観終わった率直な感想は…「うーん…、自分にはイタリア映画は合わないのかな〜?」。
特にこの2作品では、自分勝手で気の強い女性が多く登場するので、単純に観ていて苛々することが多く、なかなか楽しめなかった。
ベルトリッチの「孤独な天使たち」は、自分の殻に閉じこもる14歳の少年の話で、わりと感情移入しやすい話ではあったのだが、自由奔放に生きているように見えた異母姉が見せた弱さに心を揺さぶられて…という狭い空間での数日の経験だけでは、少年が成長する通過儀礼として、ちょっと弱いと感じたし、観客にもあまりカタルシスは無いのではないか。
最後に、顔つきがまるで変わった少年のアップで終わる…というのは、言いたいことは分からんでもないが、ハッとするほどのいい表情だとも思えなかった。自分の世界に入っている時の少年の病んでる感じはリアルで良かったけど。
ベロッキオの「眠れる美女」の方は、実際に起きた尊厳死を巡る事件を扱い、大きな論争を巻き起こした、ちょうどその時の3組の家族を描いた群像劇だった。
登場人物のその日その時のエピソードを並行して語るのはいいのだが、チャカチャカ場面を切り替えられ過ぎて、どの人物にもほとんど感情移入できず、後半は観ていて苦痛になるほど退屈だった。

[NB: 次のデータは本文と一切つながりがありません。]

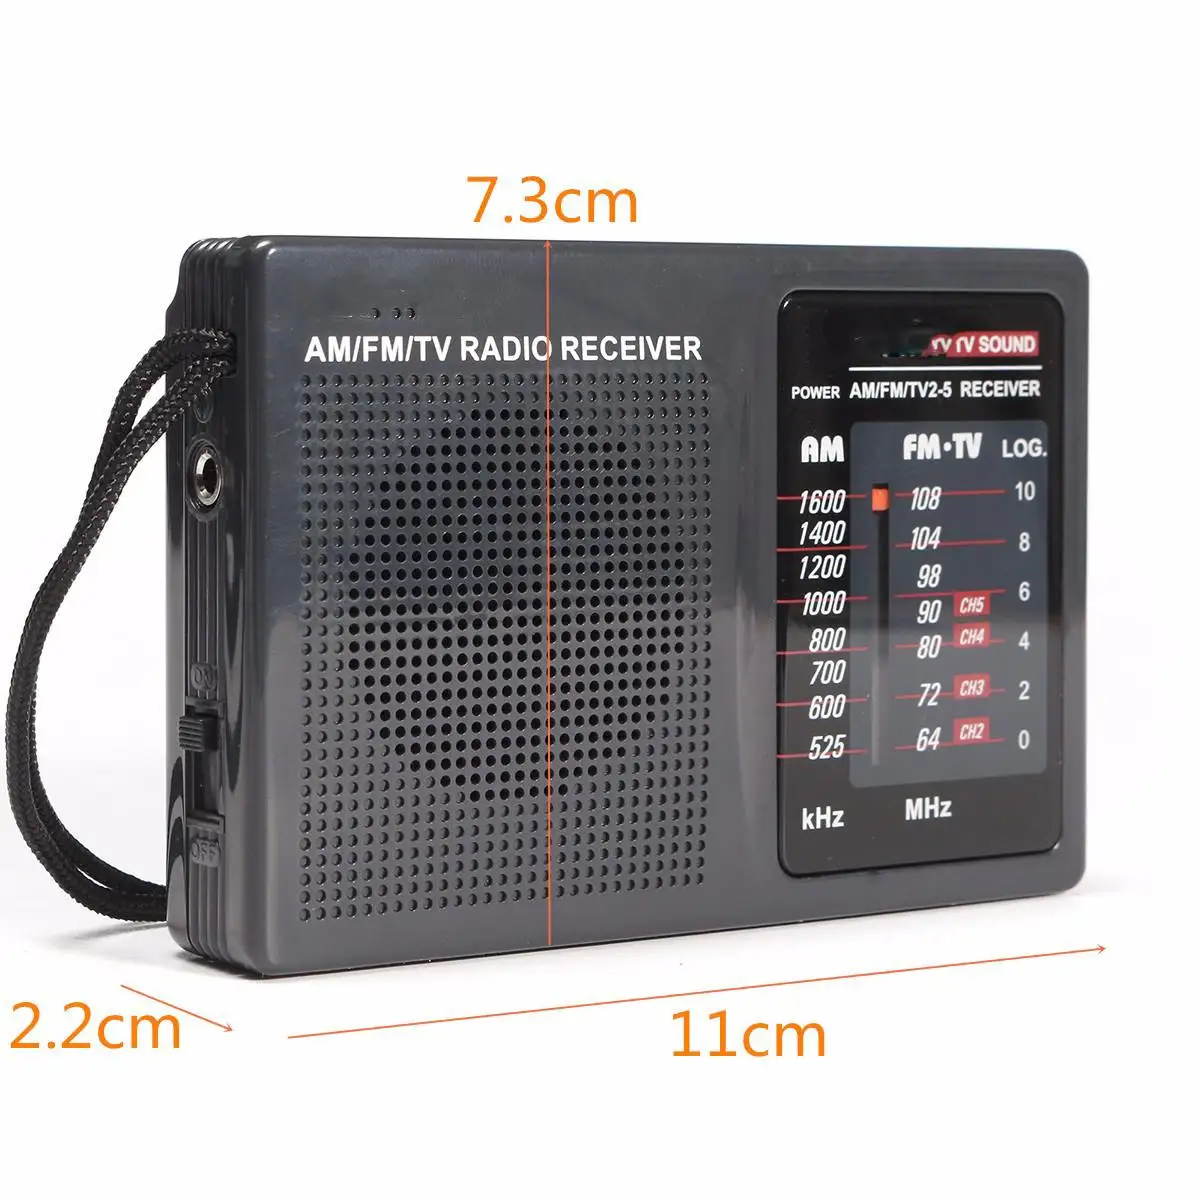 FM радио мини портативный AM FM ТВ приемник радио приемник высокая чувствительность FM приемник встроенный динамик музыкальный плеер подарки для пожилых

薬物中毒の苦しみから何度も自殺を図る女性と、それを止める医師のくだりは偽善的にも感じられ、実際にその偽善を「大きなお世話よ!」と拒む女性が、またこれはこれで気の強い生意気な女で、観ていて腹が立つし…とにかく感情の落としどころが見つからず、まったくスッキリしないままで終わった。
両作品とも巨匠と呼ばれる監督が撮った作品らしいのだが、なんだかな〜?…リアリティを感じられず、全然響かなかった。
カソリックの信仰心がベースにあるので、そこを欠いていると理解し難かったのかもしれないが。
あと、ユーモアが足りないような気もした。